Senator Josh Harkins on Thursday, March 3, 2022, honored the Mississippi State University baseball team with Senate Concurrent Resolution 514 for clinching the 2021 National Collegiate Athletic Association College World Series at TD Ameritrade Park in Omaha, Nebraska, June 30, 2021, by beating defending National Champion Vanderbilt 9-0. MSU’s baseball team has appeared in three consecutive NCAA College World Series, totaling 12 appearances in school history. On June 20, 2021, the Mississippi State University baseball team recorded 21 strikeouts, which set an NCAA College World Series single-game team record.
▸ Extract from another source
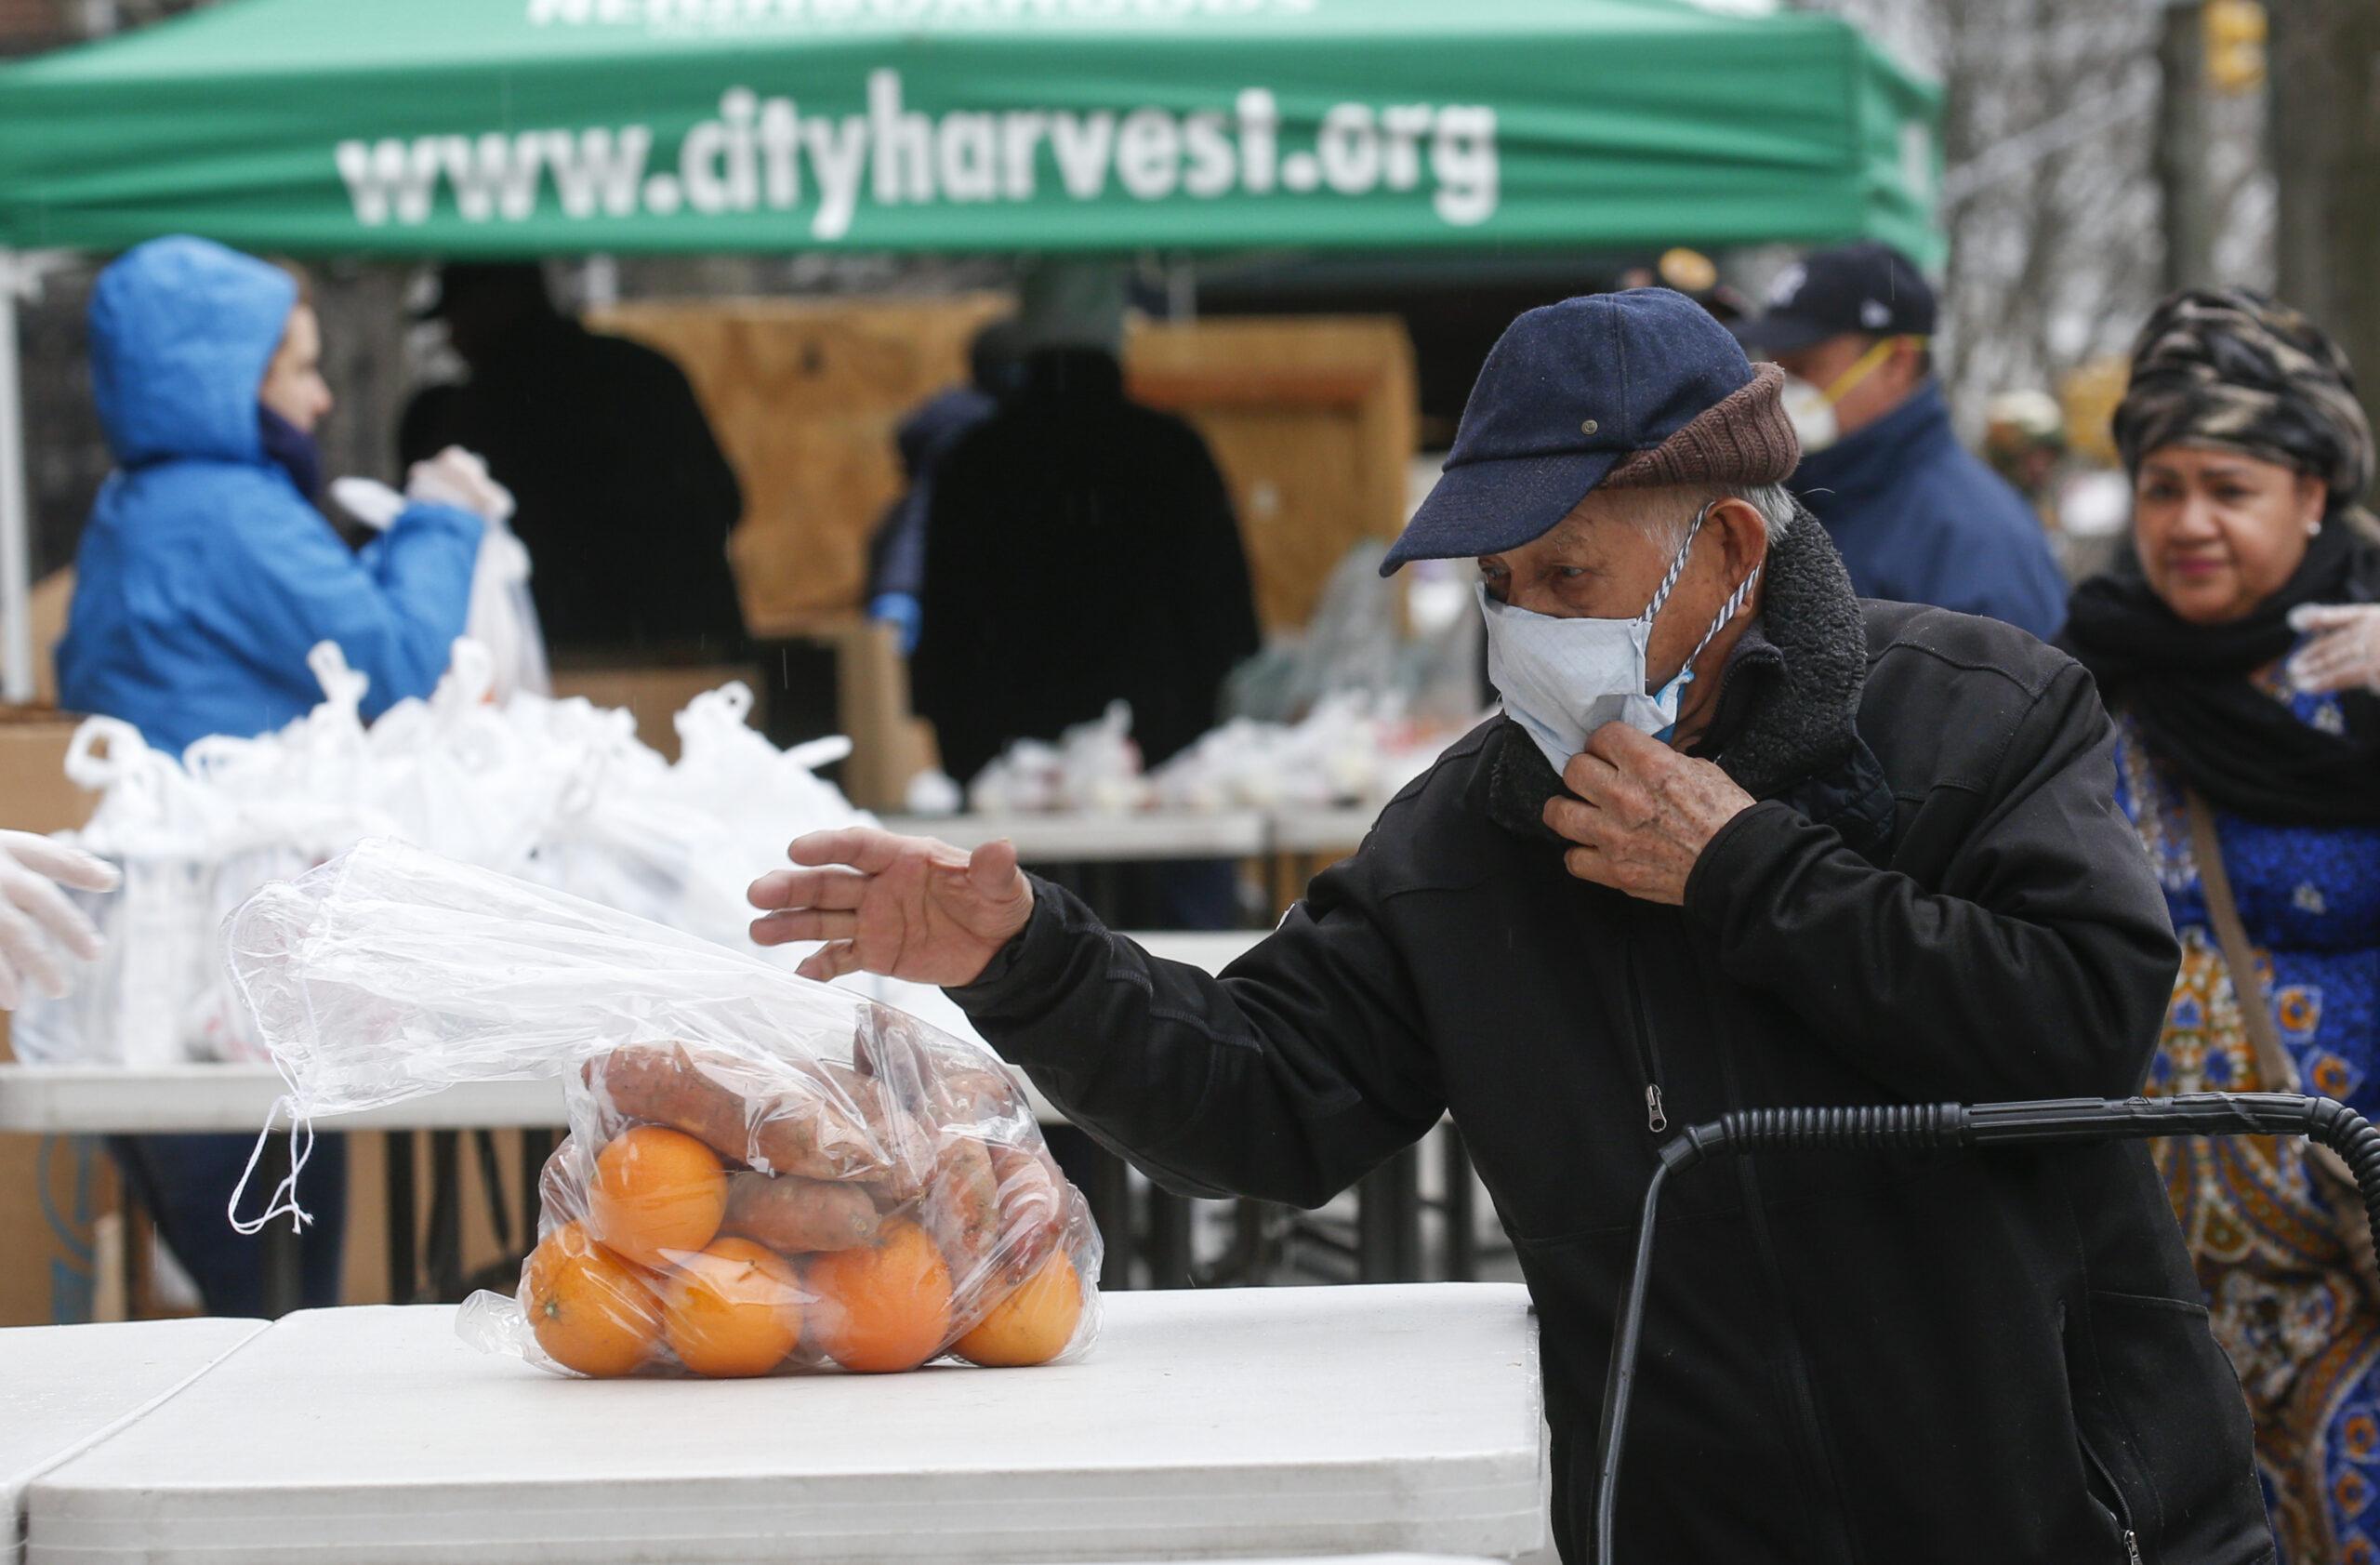 L.A food banks witness unprecedented surge in demand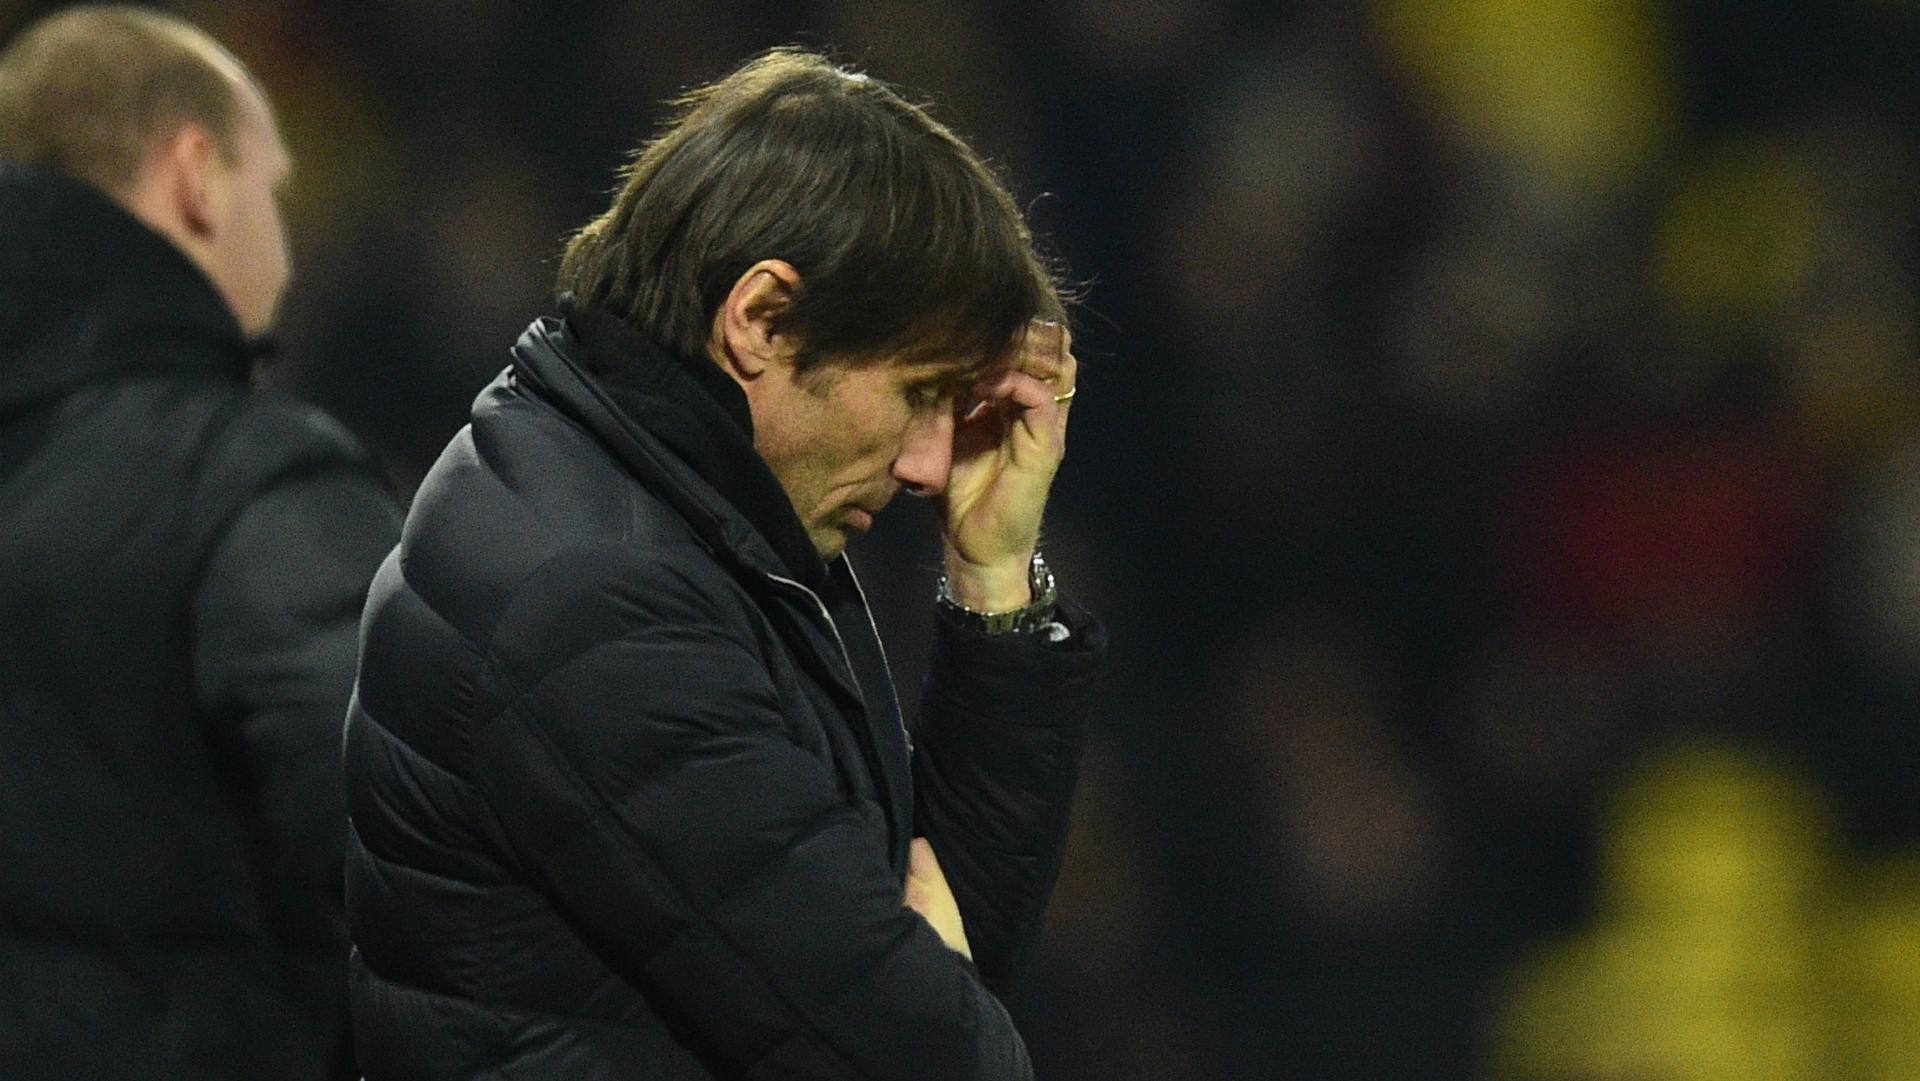 Richarlison explica por que chorou após ser substituído contra o Chelsea

Senator David L. Jordan on Wednesday, March 2, 2022, honored Dia Chawla, a senior at Pillow Academy senior in Greenwood with Senate Concurrent Resolution 558, for being named the National High School Heisman Trophy winner in the award’s 28th year. Dia attended the National Heisman Trophy Ceremony in New York City on December 11, 2021, and was recognized by ESPN on national television for being named the top student athlete in the country.

Senator Kathy Chism on March 3, 2022, honored Former Northern District Transportation Commissioner Zach Stewart with Senate Concurrent Resolution 542, for his achievements and leadership while serving. Stewart was elected Transportation Commissioner in 1983 and completed his fifth term as Commissioner for the Northern District in 2003.

Senator Chad McMahan spoke on Senate Concurrent Resolution 512, which honors the legacy of well-known former POW and Retired Air Force Colonel Carlyle “Smitty” Harris of Tupelo, who will have a United States Postal Service facility located at 500 West Main Street, in Tupelo, named in his honor. Circumstances arose that kept Harris from coming before the senate as planned.

The senate faces a Wednesday, March 9, 2022, deadline for original floor action on general bills and constitutional amendments originating in the House of Representatives, and a Thursday, March 10, 2022, deadline for reconsideration and passage of general bills and constitutional amendments originating in the House of Representatives. Friday, March 11, 2022, is the deadline to dispose of motions to reconsider general bills and constitutional amendments originating from the House of Representatives.